Tip #110: Tax Implications and Other Warnings for Rent Credits by James Safonov
Occasionally it is necessary to give rent credits to tenants.
Random rent credits by themselves are not necessarily a bad thing. The context surrounding the credit and the amount of the credit(s) can be troublesome.
First it is important to distinguish what should be credited and what shouldn’t. Anything that requires a professional contractor should not be credited. Replacing a toilet seat or a refrigerator water filter is probably harmless–just have the tenant provide a receipt.

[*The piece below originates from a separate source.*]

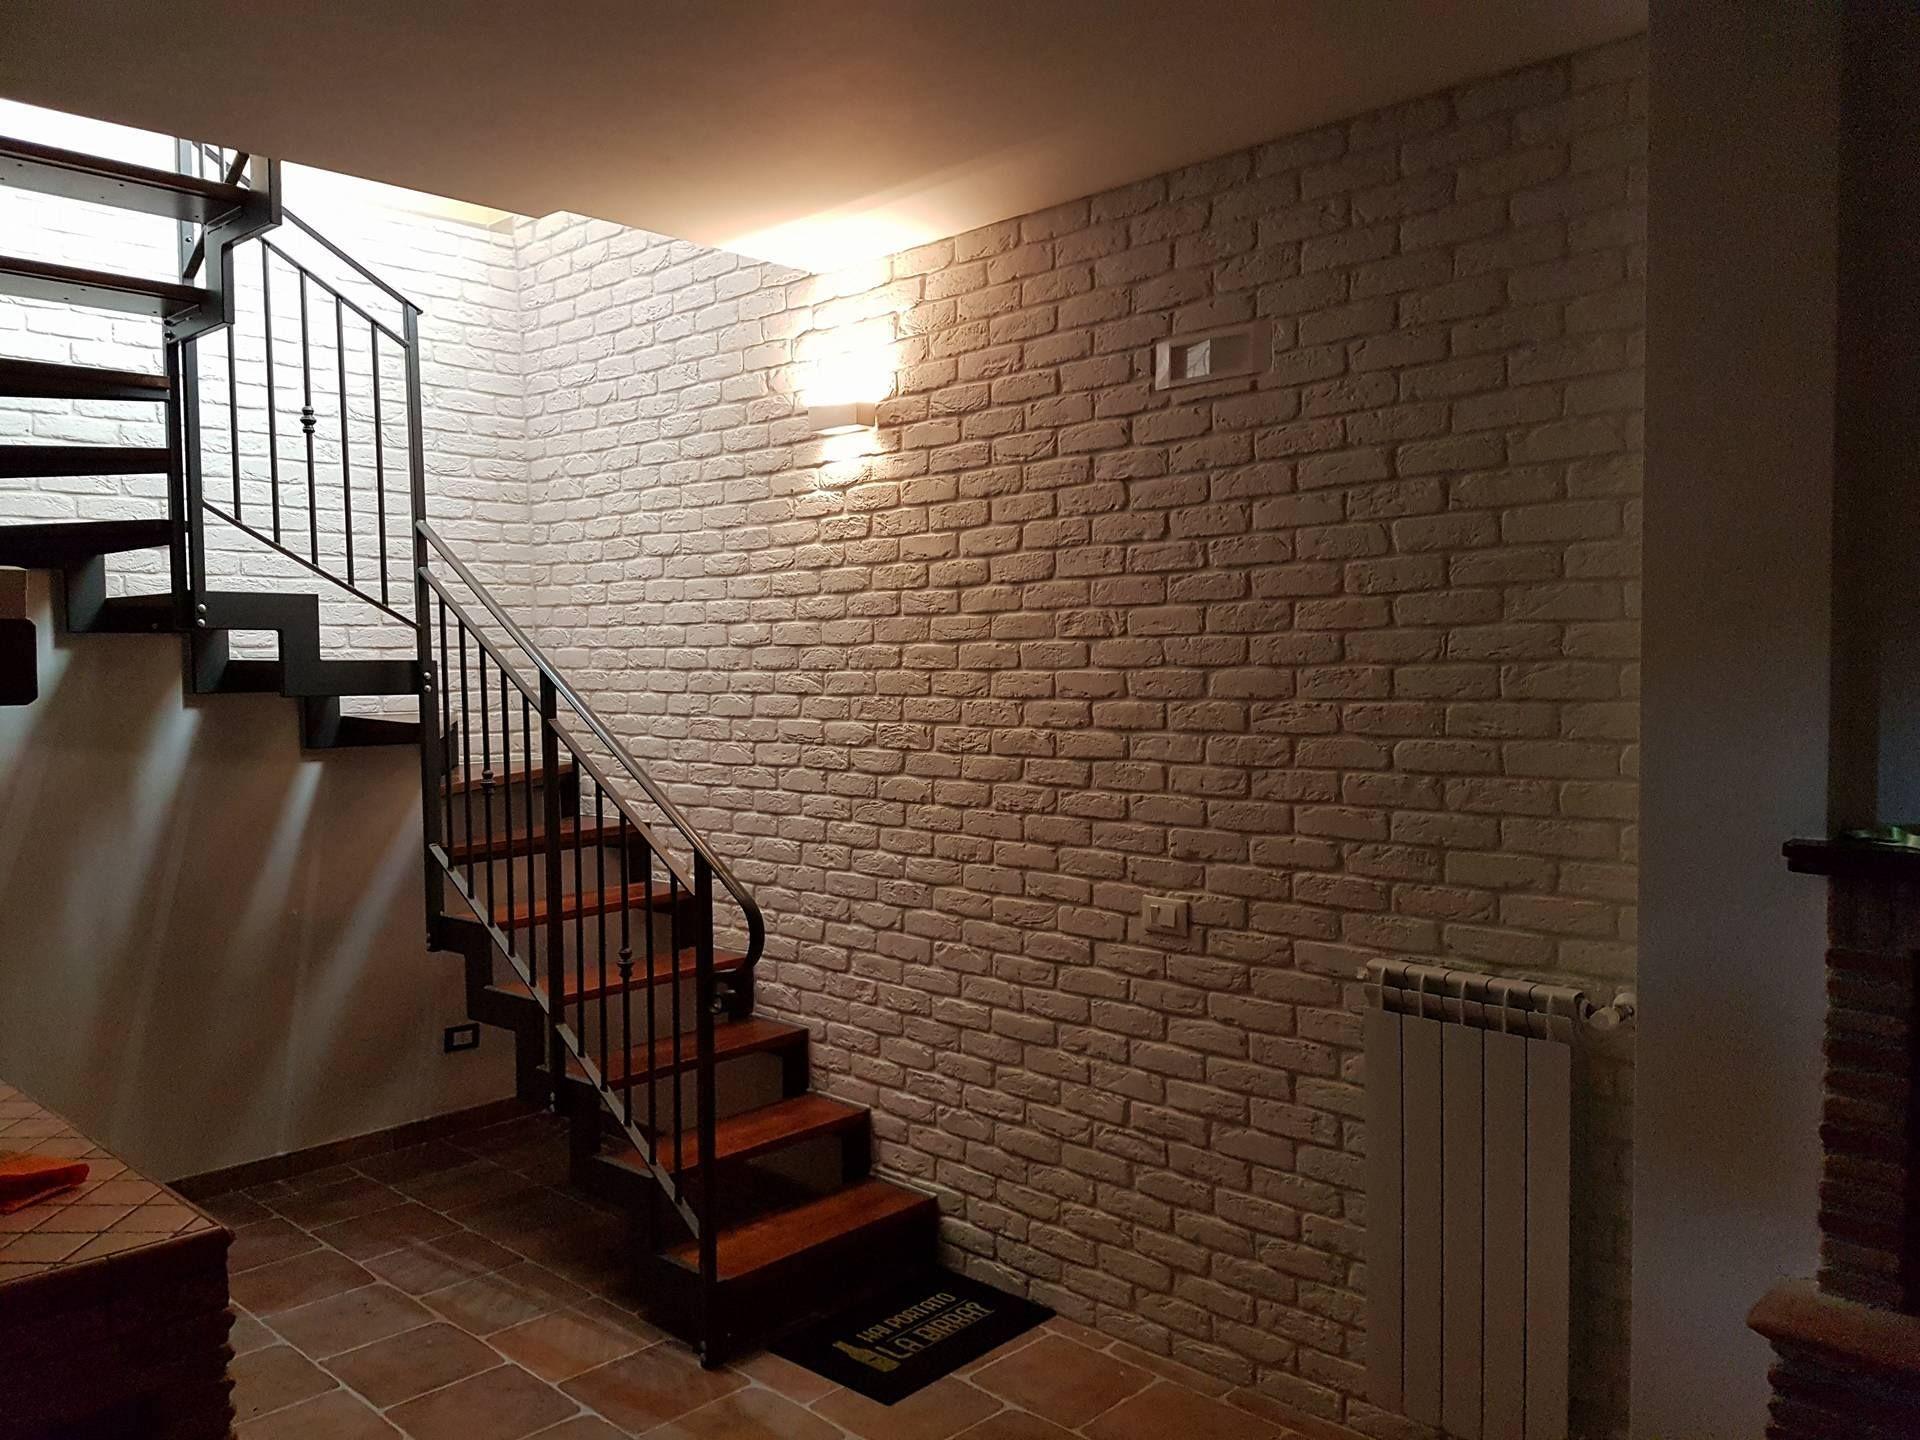 Plafoniere Per Vano Scala : La parete in mattone bianco arreda l invito al vano scala

Some owners have negotiated a recurring credit for landscaping or for owner access to a storage shed. For example: the original rent was $1000.00 monthly and included a gardener. After a period of time the tenant and owner agree to reduce the rent $60.00 per month and allow the tenant to service the yards. They keep the rent at $1000.00 but include a monthly credit of $60.00 to the ledger.
This $60.00 monthly credit equals $720.00 annually and can be perceived as tenant income by the IRS. The landlord would need to give the tenant a 1099 for the $720.00 as it exceeds the $600.00 annual amount of earned income.
A better course of action would be to reduce the rent to $940.00 and do away with the recurring credit.
James Safonov is a property manager with HomePointe in Sacramento, California. HomePointe provides full service property management, leasing, accounting, and maintenance. If you or anyone you know has questions about property management in Sacramento, rentals in Natomas, Roseville or beyond please do not hesistate to contact James at email@example.com.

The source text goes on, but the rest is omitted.